La peur d'un autre : 40% des Albanais se sentent mal quand ils entendent parler serbe

Les relations entre l'Albanie et la Serbie sont parmi les relations les plus tendues dans la région des Balkans occidentaux, et les municipalités du sud et du nord de Mitrovica sont au centre de ces relations. Il a donc été dit aujourd'hui dans le nord de Mitrovica, lors du lancement de la recherche sur le sujet"A"nous pouvons nous comprendre, effectué dans le cadre du projet Centre pour [...]
Les relations entre l'Albanie et la Serbie sont parmi les relations les plus tendues dans la région des Balkans occidentaux, et les municipalités du sud et du nord de Mitrovica sont au centre de ces relations.
Il a donc été dit aujourd'hui dans le nord de Mitrovica, lors du lancement de la recherche sur le sujet de CHAA, nous pouvons nous comprendre, mis en œuvre sous le centre d'intermédiation basé à Mitrovica, qui a été mis en œuvre par le centre de concours alternatifs basé à Mitrovica, tout en bénéficiant du soutien des ambassades de Suisse et de Norvège au Kosovo.
Cette étude, qui porte sur les aspects de la communication entre Albanais du Kosovo et Serbes, en particulier dans la région de Mitrovica, a pour but d'examiner le rôle de la langue dans la communication interethnique et d'examiner sa part (langues) dans les divisions entre les communautés.
Lazar Rakiq, directeur de programme à l'ADRC, a donné les statistiques les plus importantes de cette recherche, disant qu'environ 40 % des Albanais du sud de Mitrovica se sentent relativement mal quand ils écoutent la langue serbe, tandis que chez les Serbes âgés de 16 à 25 ans, qui se sentent mal à l'égard de la langue albanaise, le pourcentage est d'environ 41.
“Environ 40 % des Albanais du sud de Mitrovica se sentent relativement mal quand ils entendent la langue serbe, tandis qu'environ 41 % des jeunes Serbes âgés de 16 à 25 ans se sentent mal ou relativement mal quand ils entendent l'albanais. Seulement 14 pour cent des résidents du sud et du nord de Mitrovica parlent la langue de l'autre ... Alors qu'environ 24 % des Albanais et des Serbes interrogés du sud et du nord de Mitrovica apprendraient la langue de l'autre communauté”, Rakiq a déclaré.

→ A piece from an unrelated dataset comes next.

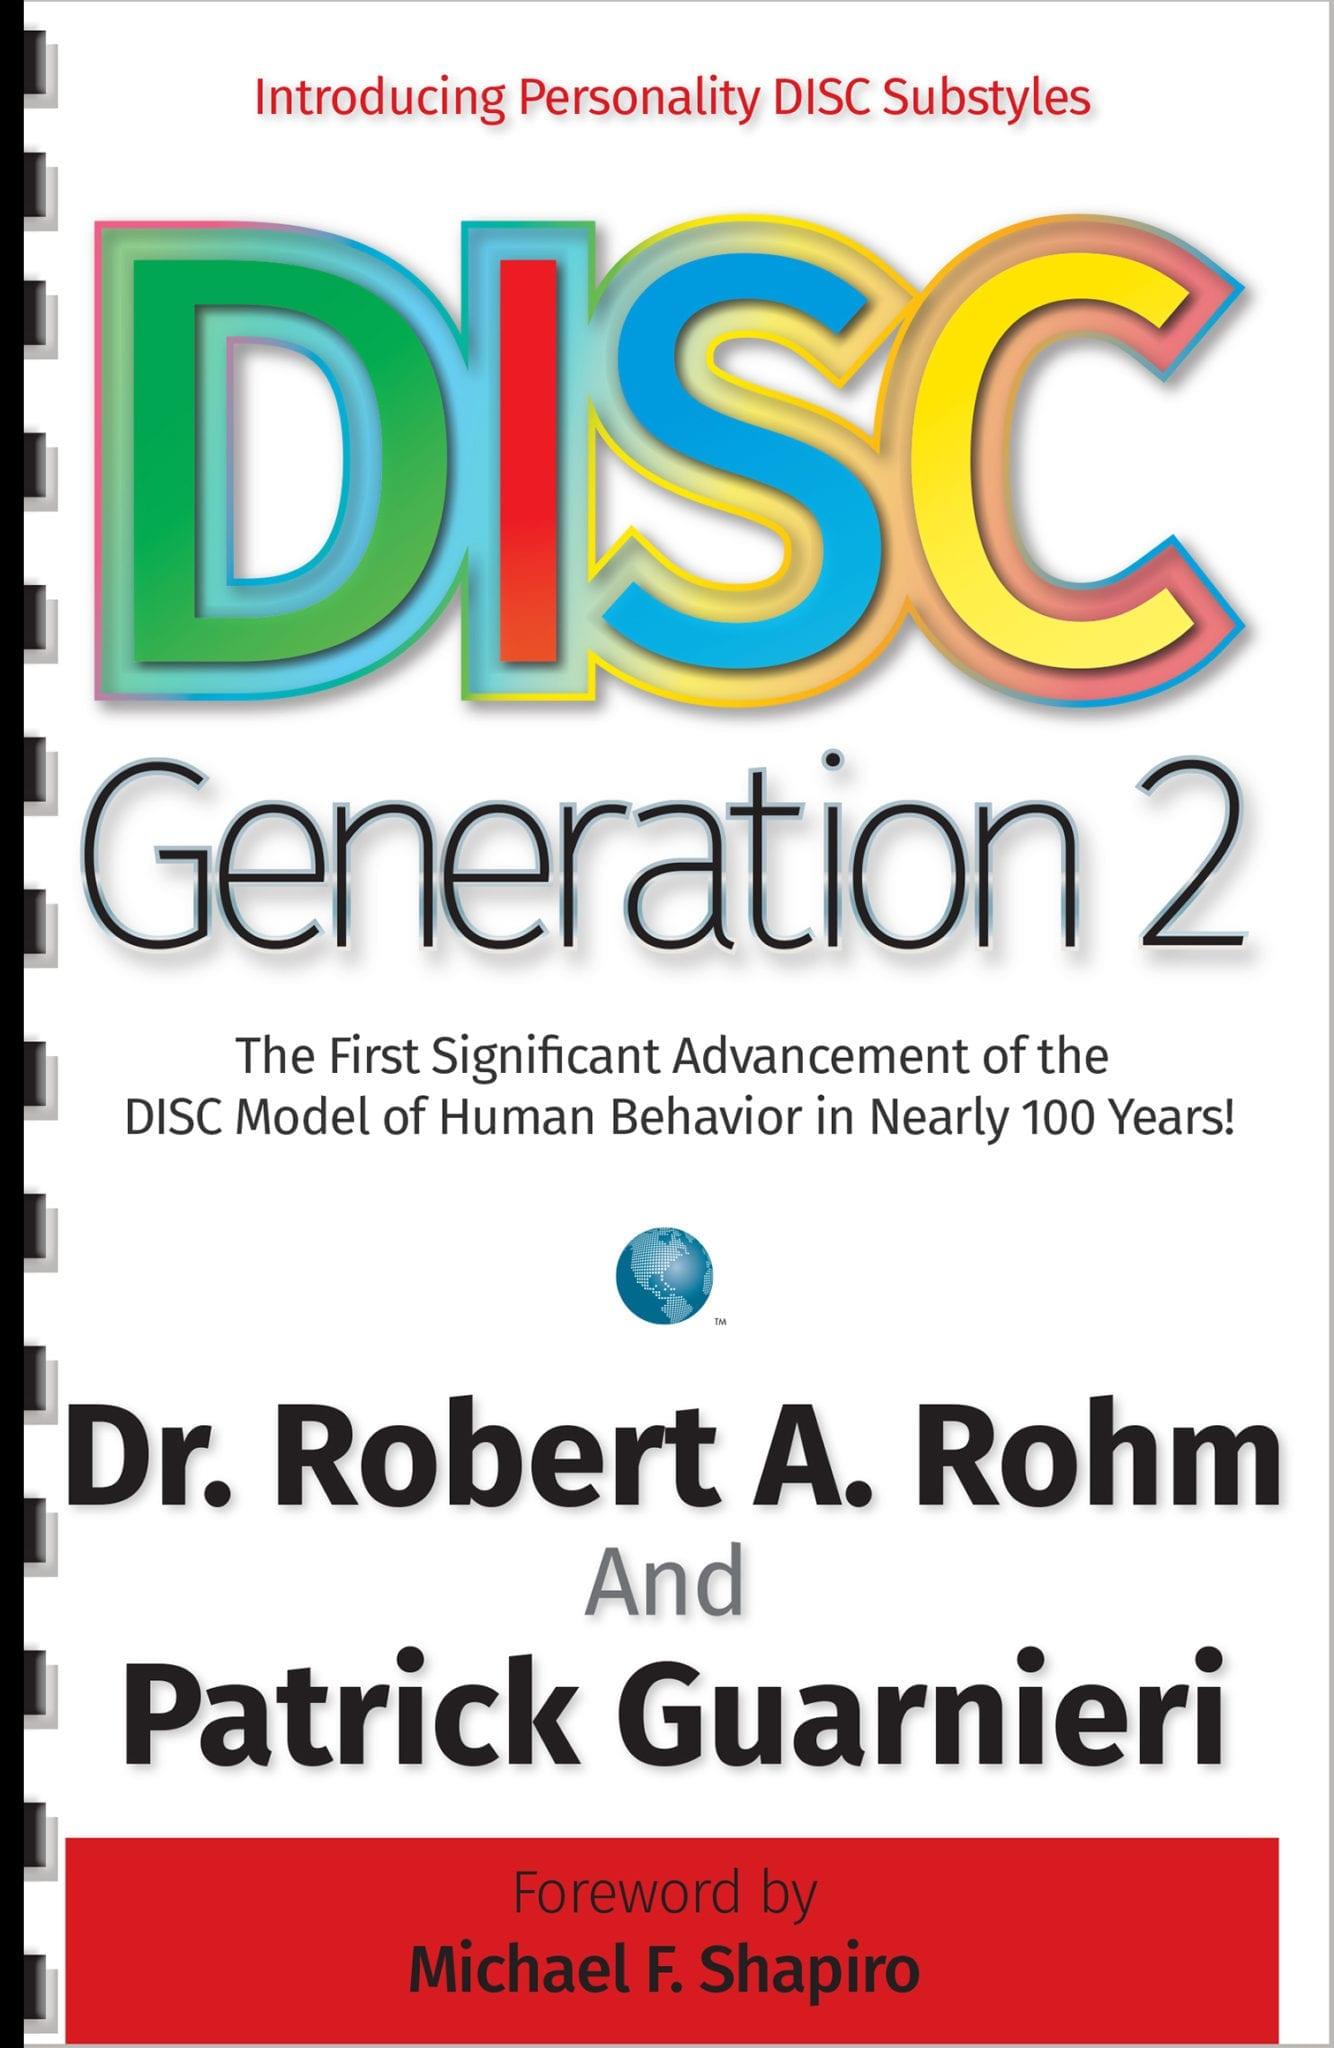 DISC Generation 2

D'autre part, Zana Syla, également responsable de programme à l'ADRC, a cité des statistiques sur diverses questions posées aux répondants des deux communautés, ainsi que sur la fréquence avec laquelle ils communiquent entre eux, quelle langue ils utilisent pendant la communication, pensent-ils que l'on devrait enseigner l'albanais et le serbe dans les écoles et des questions similaires?
Selon elle, des recherches ont également montré que même si plus de 40 % des répondants ne veulent pas apprendre la langue d'une autre communauté, un peu plus du tiers d'entre eux savent ou sont prêts à apprendre l'autre langue.
Ce groupe et les personnes indécises sur ce sujet (environ 20 pour cent) devraient avoir la possibilité d'agir sur leurs objectifs, tandis que de nombreuses langues devraient être promues à la fois par les organisations de la société civile et les institutions gouvernementales afin d'éliminer certaines parties de la stigmatisation sociale et la perception dominante de la langue comme domaine ou absex1>, a-t-elle déclaré.
En revanche, à la fin de l'exposé, certains participants ont soulevé des questions relatives à l'importance de la langue des autres, tout en confirmant les données de recherche selon lesquelles les relations interethniques entre les résidents du sud et du nord de Mitrovica sont tendues et moins fréquentes qu'on peut s'attendre à ce que les communautés qui vivent si près.